A conventional match line signal repeater is illustrated by FIG. 1. In particular, FIG. 1 illustrates a segmented row of CAM cells 10 that utilizes serially connected inverters I1–I4 to pass match line signals from lower match line segments to upper match line segments during a search operation. The segmented row 10 is illustrated as including three equal-length match line segments (x10 MLa, x10 MLB and x10 MLc) that are each electrically coupled to respective segments of CAM cells 12a, 12b and 12c. Prior to commencement of a search operation, a plurality of active low precharge signals (PRECHARGE 1–3) are switched high-to-low in sequence during a precharge time interval. When this occurs, PMOS precharge transistors P1–P3 turn on in sequence and precharge the three match line segments to logic 1 levels (e.g., Vdd). During this precharge time interval, pairs of differential comparand data lines (not shown), which are electrically connected to the segments of CAM cells 12a, 12b and 12c, are globally masked (i.e., both the true and complementary data lines within each pair are pulled low). A search word is then applied to the data lines to commence a search operation.
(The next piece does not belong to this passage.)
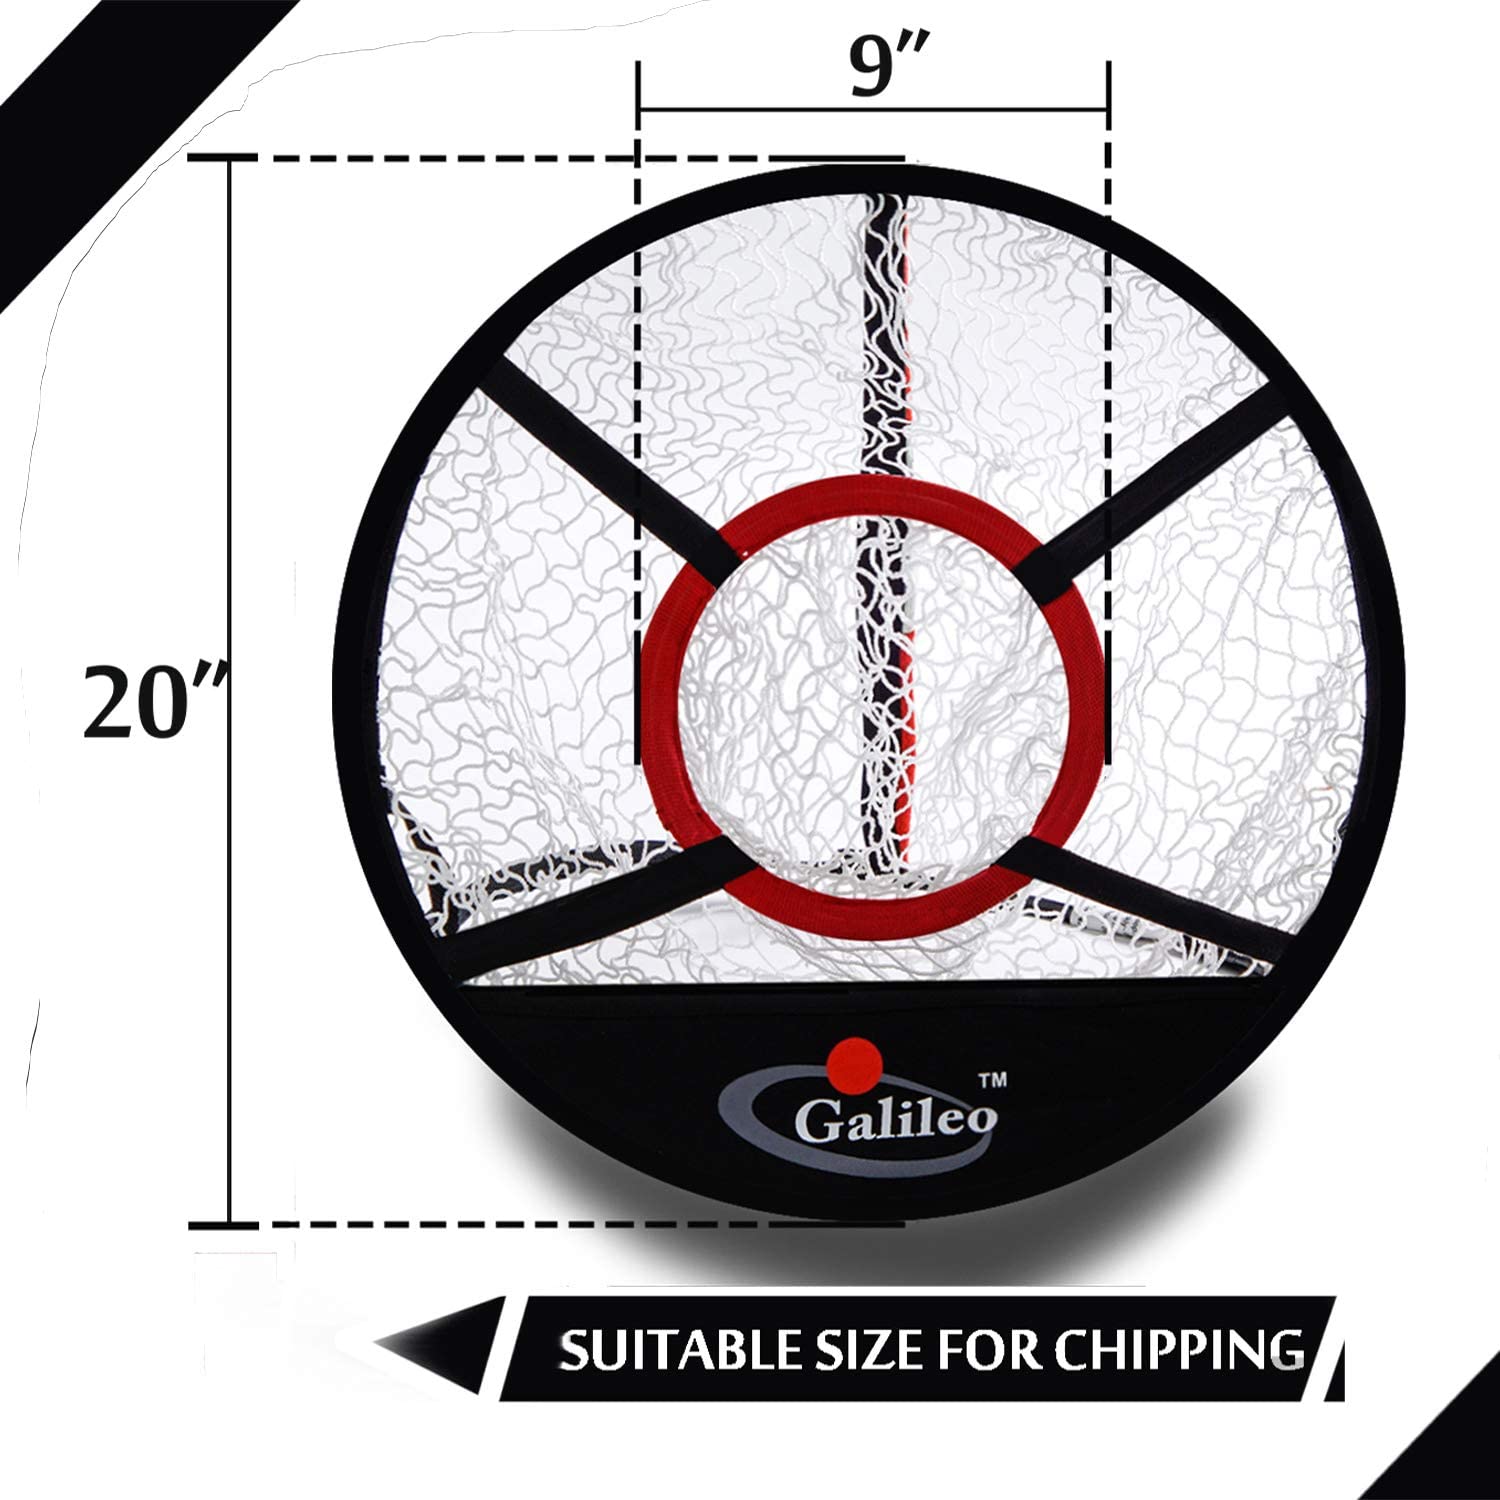 Galileo Sports Golf Chipping Net Golf Chipping Net Chipping Golf Chipping Practice Net Pop Up Golf Chipping Net Juego de golf Chipping Uso en interiores y exteriores

During the search operation, at least one match line segment is pulled low if one or more miss conditions exist in the illustrated row 10. A worst case timing scenario may exist when only the leftmost CAM cell in the row 10 (i.e., CAM cell 0) indicates a miss and all other CAM cells (i.e., CAM cells 1–29) indicate a match (often referred to as a “hit”). When this occurs, a gradual pull-down of the first match line segment x10 MLa is accelerated from left-to-right across the match line segments x10 MLB and x10 MLc, by the inverters I1–I4. Thus, the inverters I1–I4, which may be designed to have relatively strong pull-down paths, can operate to increase the pull-down speed of the match line segments and thereby improve the worst case timing characteristics when search operations are performed.
Content addressable memories may also be designed to provide inter-row configurability that enables short word search operations (e.g., x72) and long word search operations (e.g., x144, x288, etc.) to be performed. In particular, FIG. 1 of U.S. Pat. No. 6,252,789 to Pereira et al. illustrates CAM arrays having width expansion logic (WEL) circuits that support long word search operations. The '789 patent describes a long word as a data word chain having a first data word (FW) and a last word (LW) and possibly one or more continuing data words (CW). Each WEL circuit is illustrated as include a match carry input (MCI) and a match carry output (MCO), which are configured to support the passing of match carry signals from one row of a CAM array to a next row of a CAM array during consecutive search operations. CAM cells are also used for storing control bits, including a start bit (ST) and an end bit (END). The start bit indicates that the corresponding data word is the first word in a data word chain and the end bit indicates that the data word is the last word in the data word chain.
Notwithstanding these conventional techniques to improve match line signal speed and reduce match line power consumption in segmented CAM arrays, there continues to be a need for additional techniques to further reduce power consumption and achieve high speed operation of CAM arrays having segmented match lines.